According to a report prepared by Information Sector at the GCC Secretariat-General on the direct impact of the decision establishing the GCC Customs Union in 2003 on the growth of inter-trade, the trade between the GCC countries witnessed a noticeable increase in the first year amounting to 51%.
The intra-regional trade's volume has risen over the past decade from $ 15 billion in 2002, a year before the establishment of the Customs Union, to about $ 115 billion in 2015, achieving an increase of 657%.
Since the early years, the GCC countries have worked to remove tariff barriers between them with regard to their products and having them exempt from customs duties and treat them as national goods.

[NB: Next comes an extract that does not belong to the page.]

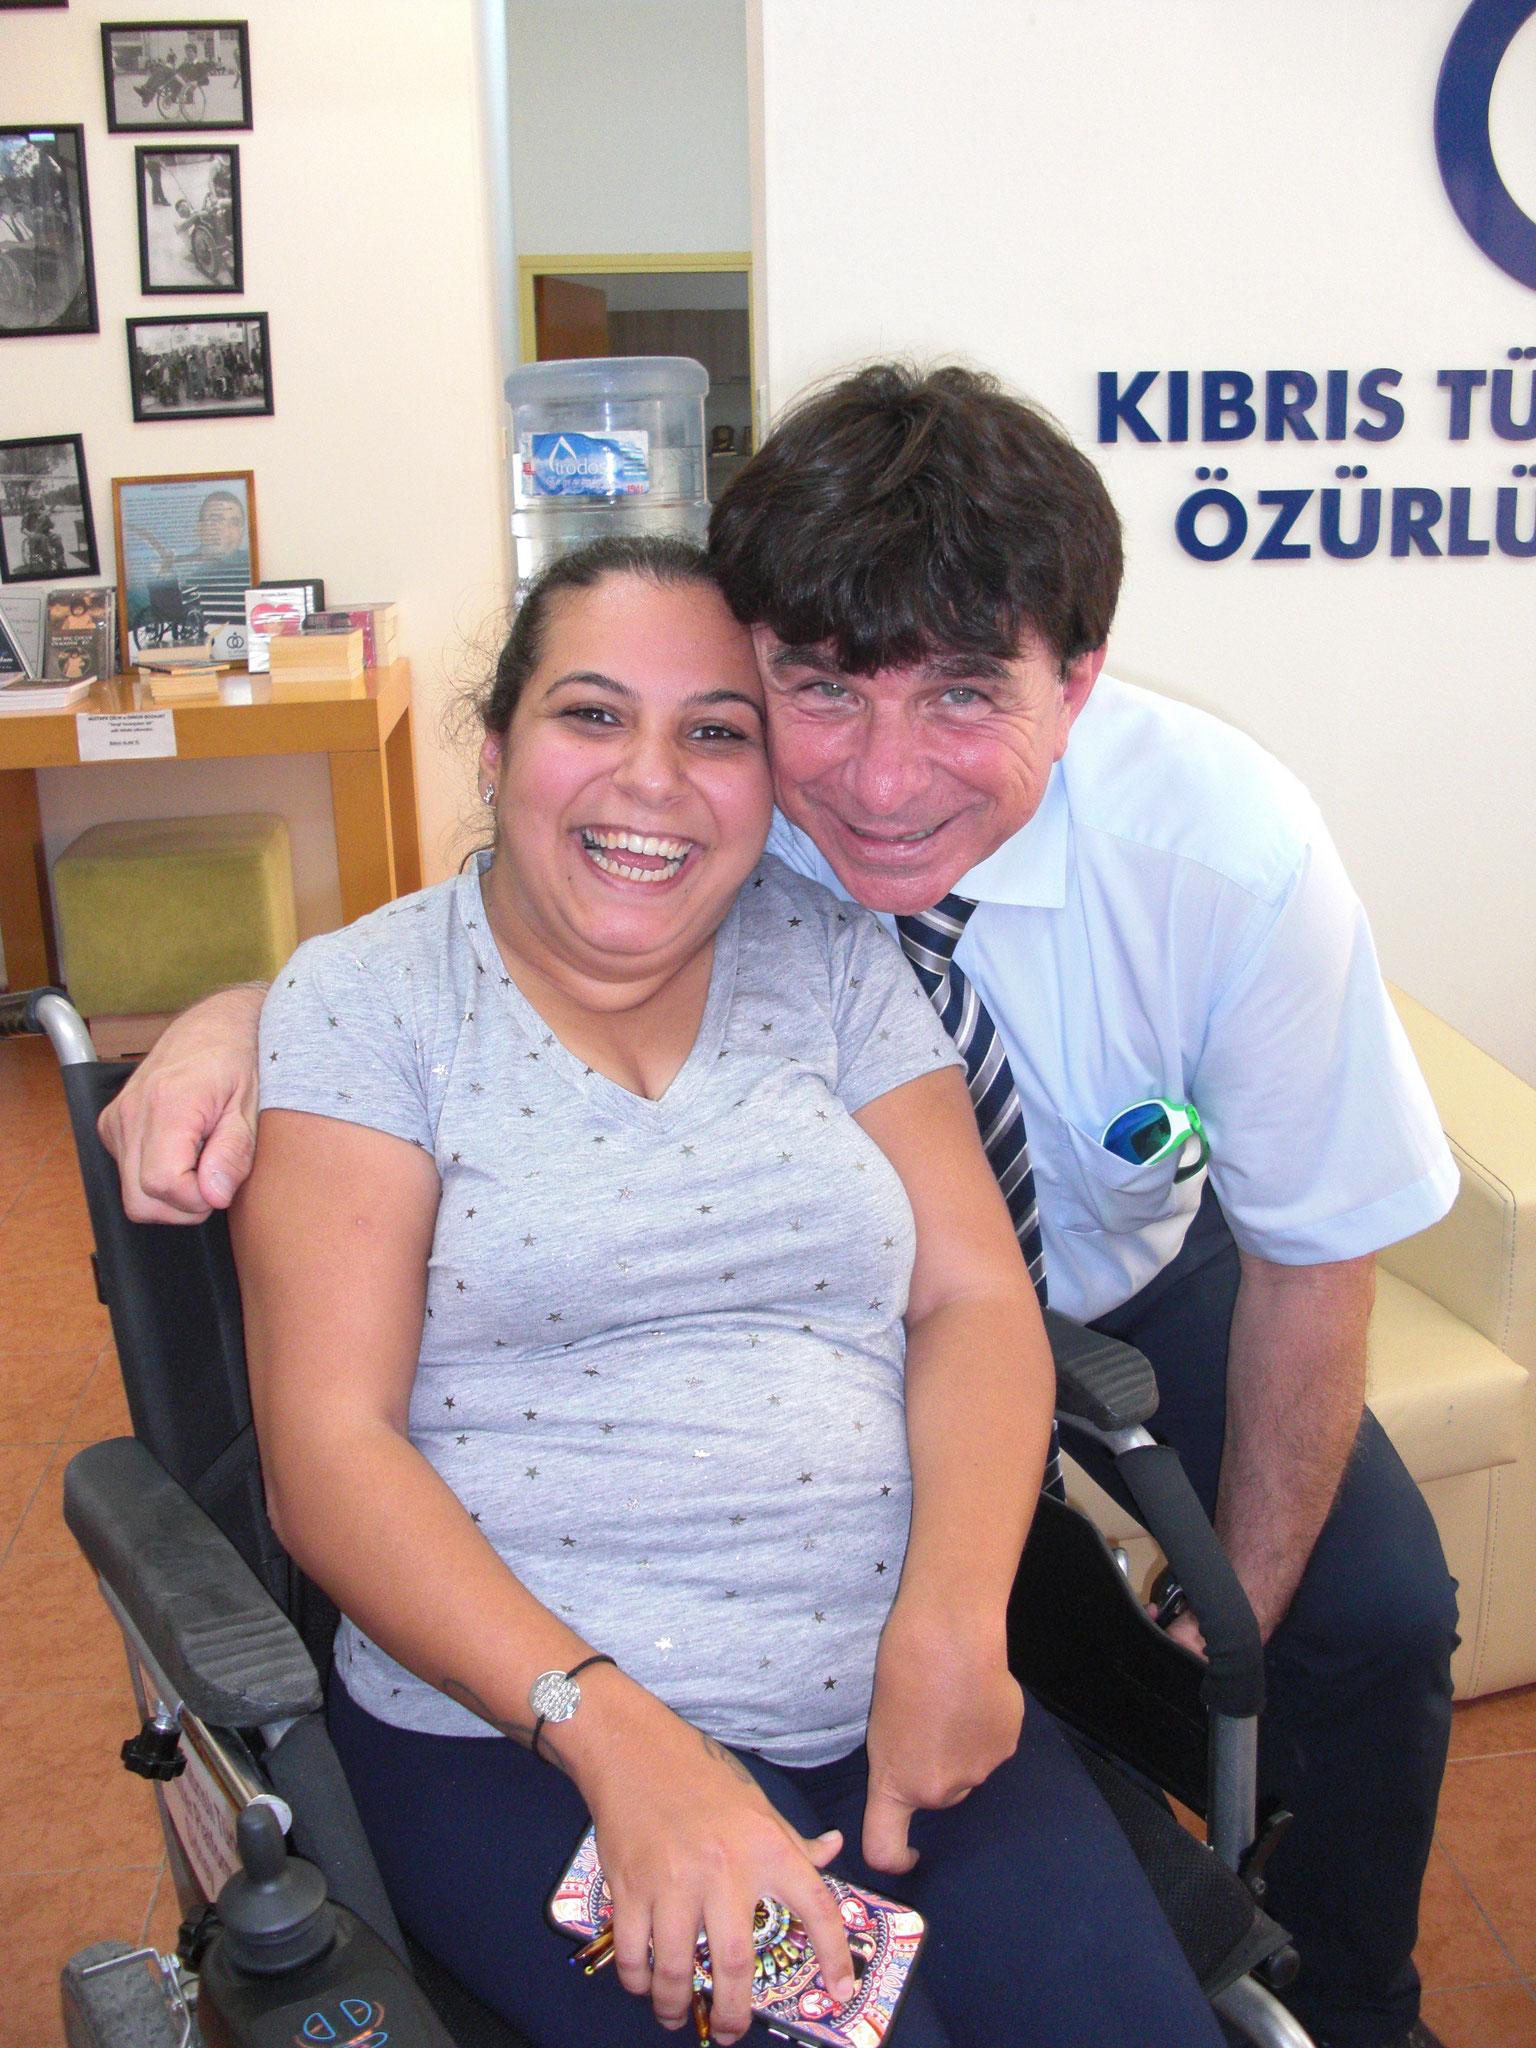 Turgay Hilmi in dem von ihm gegründeten Heim für behinderte Menschen

A free-trade zone was launched in 1983, the GCC Customs Union in 2003 along with the adoption of a number of laws, regulations and policies that facilitated the flow of movement of goods, services and means of transport between Member States and have encouraged national products beside the role of the GCC private sector in the development of exports.
In the same context, the GCC decided in December 1991 to allow the institutions and production units in the Member States to open offices for commercial representation in any Member State, in addition to allowing import and export of national products among GCC member States without the need for a local agent.
I addition, there are a number of important decisions which contributed to the support of inter-trade including the GCC's Decision in 1993 on the establishment of the Commercial Arbitration Centre for the GCC countries and the establishment of the establishment of the the Standarization of the Gulf Cooperation Council in 2003 and the launch of the Gulf Common Market (GCM) with effect from the 1st of January 2008.